Many architects working between World War I and World War II favored revival styles; and those who were academically trained, like Hemenway, were eager to demonstrate their ability to apply correct historic details to new buildings. Much of Hemenway’s work in the 1920s and 1930s was designing English Cottage and Tudor Revival homes. His designs showed a careful consideration of site, the integration of structure and landscape into the environment, and attention to detailed finishes. One of his most prominent designs during this period was a Tudor Revival residence for Roy and Leola Gangware at 4848 Southwest Humphrey Boulevard.
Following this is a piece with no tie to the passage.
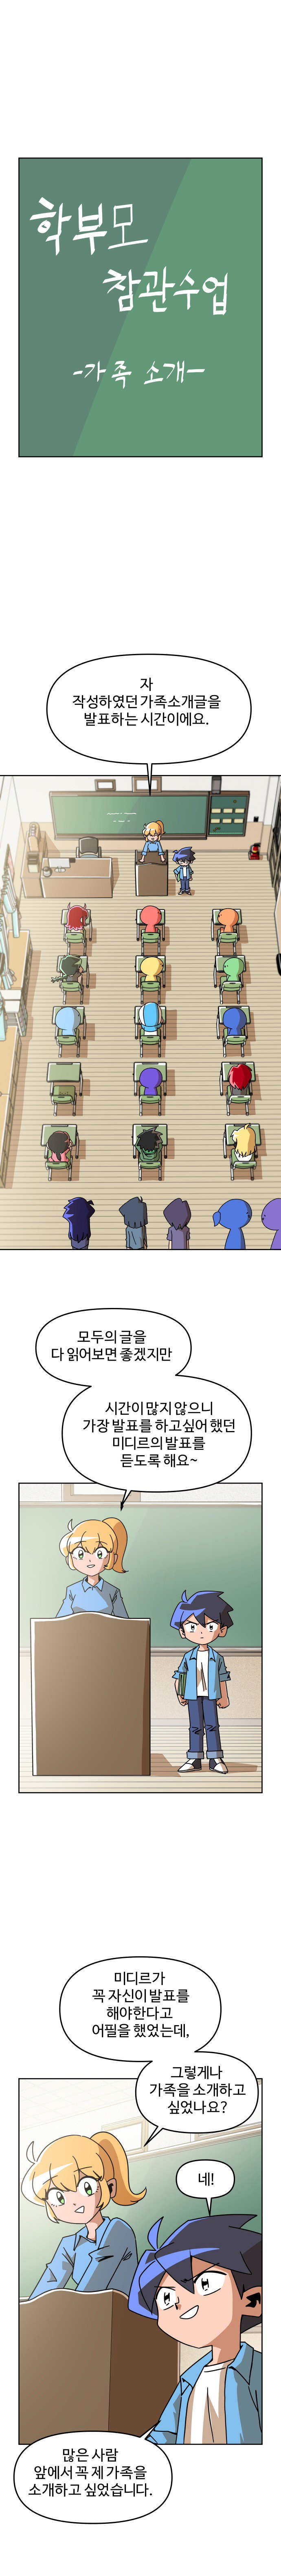 학교에서 가족소개하는 만화.manhwa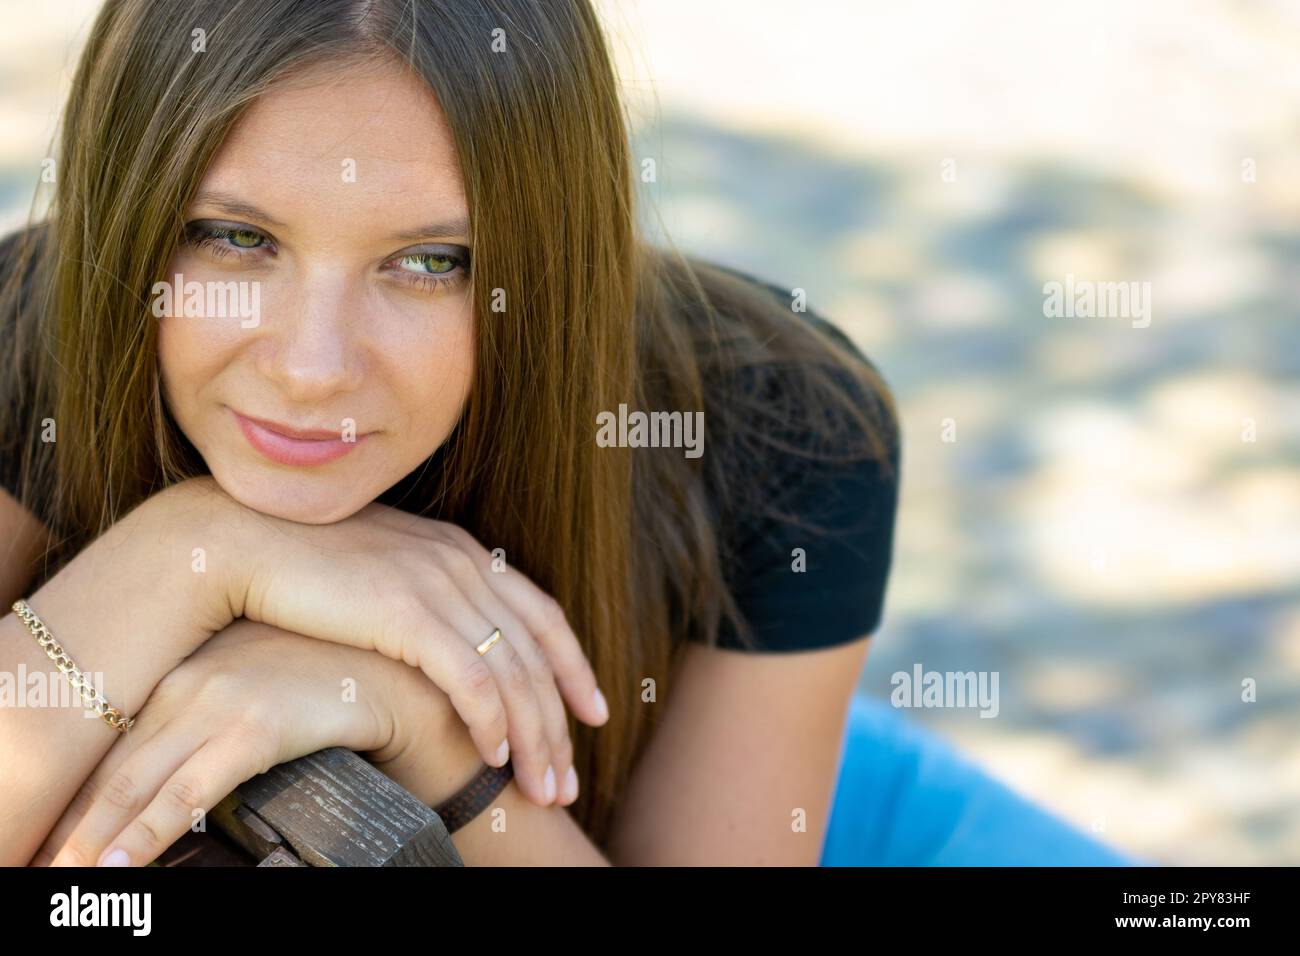 Nahaufnahme Porträt eines schönen Mädchen von slawischem Aussehen, hat das Mädchen einen nachdenklichen Blick Stockfoto

During the Great Depression, Hemenway joined a Historic American Buildings Survey field squad. Working with other architects, he surveyed structures across Oregon, with a focus on Classical Revival homes. In the late 1930s, his designs were featured frequently in local newspapers. Though he had been designing Colonial Revival residences from the earliest days of his career, his commissions in the 1940s and 1950s focused on that style. He became so associated with the style that, both during his lifetime and after, real estate listings advertised homes as “Hemenway colonials.”
Hemenway continued to design Colonial Revival houses long after his contemporaries began favoring more modern aesthetics such as Northwest Regionalism. He dabbled in the regional style as well as Modernistic architecture, but his clients continued to commission him to design Colonial Revival homes in exclusive neighborhoods in Portland. Perhaps the best-known concentration of Hemenway Colonials is in the Dunthorpe neighborhood, where he designed more than a dozen homes in the 1940s and 1950s, many constructed by builder W.C. Bauman. It was during this period that he produced what many consider to be his finest work, a 1950 residence for investor and civic leader Theodore B. Wilcox, Jr., at 2728 Southwest Greenway.
Though Hemenway designed buildings primarily in Portland, his work can be found elsewhere in Oregon as well as in Washington, California, and Virginia. In addition to single-family homes, he designed apartment buildings and commercial structures. His most notable commercial design was Young’s Gown Shop, at Southwest 10th Avenue and Montgomery Street. Constructed in 1956, its design was meant to emulate Parisian architecture of an earlier era. The building was demolished in 1969.
By the late 1950s, Hemenway’s health was in decline. Nevertheless, he continued to design until his death in 1959.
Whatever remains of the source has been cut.